Cleaning Up Your Models Folder

I love really complex applications.
It feels safe and warm knowing that your code relies on 20 database tables, and maybe some of those have 5 inherited types.

So you end up with a models directory that looks like this;

app/
models/
carnivore.rb
carrot.rb
cauliflower.rb
meat.rb
person.rb
sausage.rb
smelly_sausage.rb
steak.rb
vegetarian.rb
vegetarian_sausage.rb
vegetable.rb

PROPER MESSY! (and that's only from 3 tables - meats, vegetables, people)
So we want to impose a structure on it,
we want;
app/
models/
meat/
sausages/
sausage.rb
smelly_sausage.rb
vegetarian_sausage.rb

meat.rb
steak.rb

people/
carnivore.rb
person.rb
vegetarian.rb

vegetables/
carrot.rb
cauliflower.rb
vegetable.rb

Without doing any work you could make this happen;
Rails expects the model People::Person to live in /people/person.rb,
so if you want to write "People::Person.find(...." every time, then feel free to do so.
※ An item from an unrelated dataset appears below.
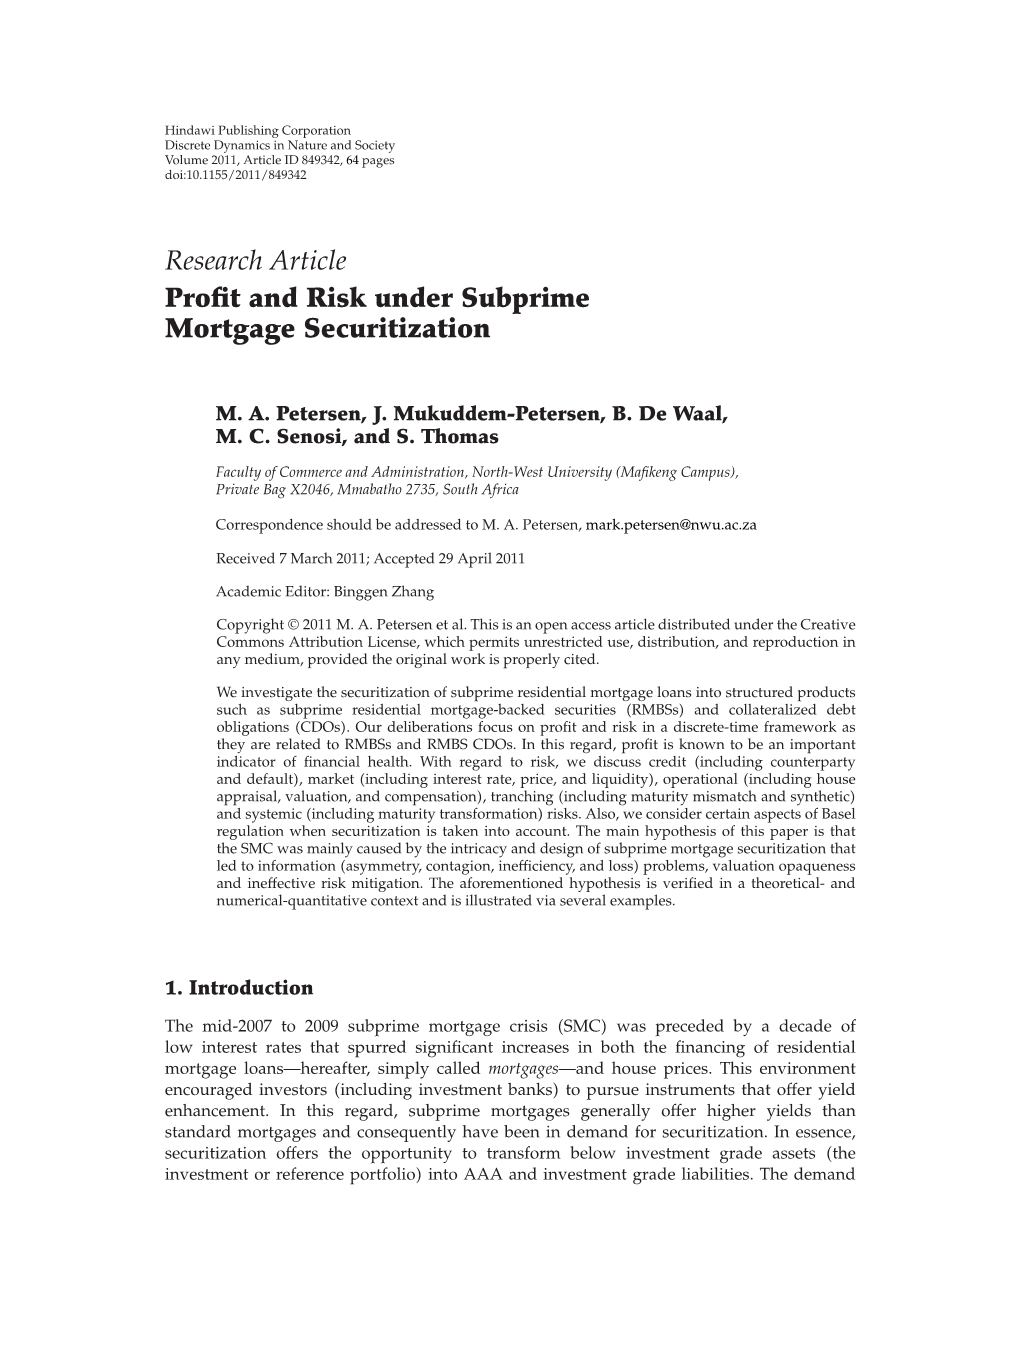 Profit and Risk Under Subprime Mortgage

The quick, and clean solution is just to add the following lines to environment.rb.
Rails::Initializer.run do |config|
%W( meat meat/sausages people vegetables ).each do |extra_path|
config.load_paths << "#{RAILS_ROOT}/app/models/#{extra_path}"
end
end

And, actually,
that's all it takes!!!

Easy-peasy, SCORE!!!!

You can do whatever you want to tidy up yours tests and fixtures, you just have to add a couple of "/.." to the top of any tests you've moved
require File.dirname(__FILE__) + '/../test_helper'
for anything in /test/unit,
require File.dirname(__FILE__) + '/../../test_helper'
for anything in /test/unit/stuff,
and so on....

Custom Rake Tasks

While I was doing my previous task, I think I worked out Rake pretty well.

The key points are these;
namespaces:


namespace :first do
namespace :second do
namespace :third do
task :do do
puts "stuff"
end
end
end
end

This will create a task named "first:second:third:do" which will just output the word "stuff".

prerequisites:

task :one => [:two, :three] do
puts "one"
end

task :two => :three do
puts "two"
end

task :three do
puts "three"
end

If you run "rake one" it'll ensure that "two" and "three" have both been executed already.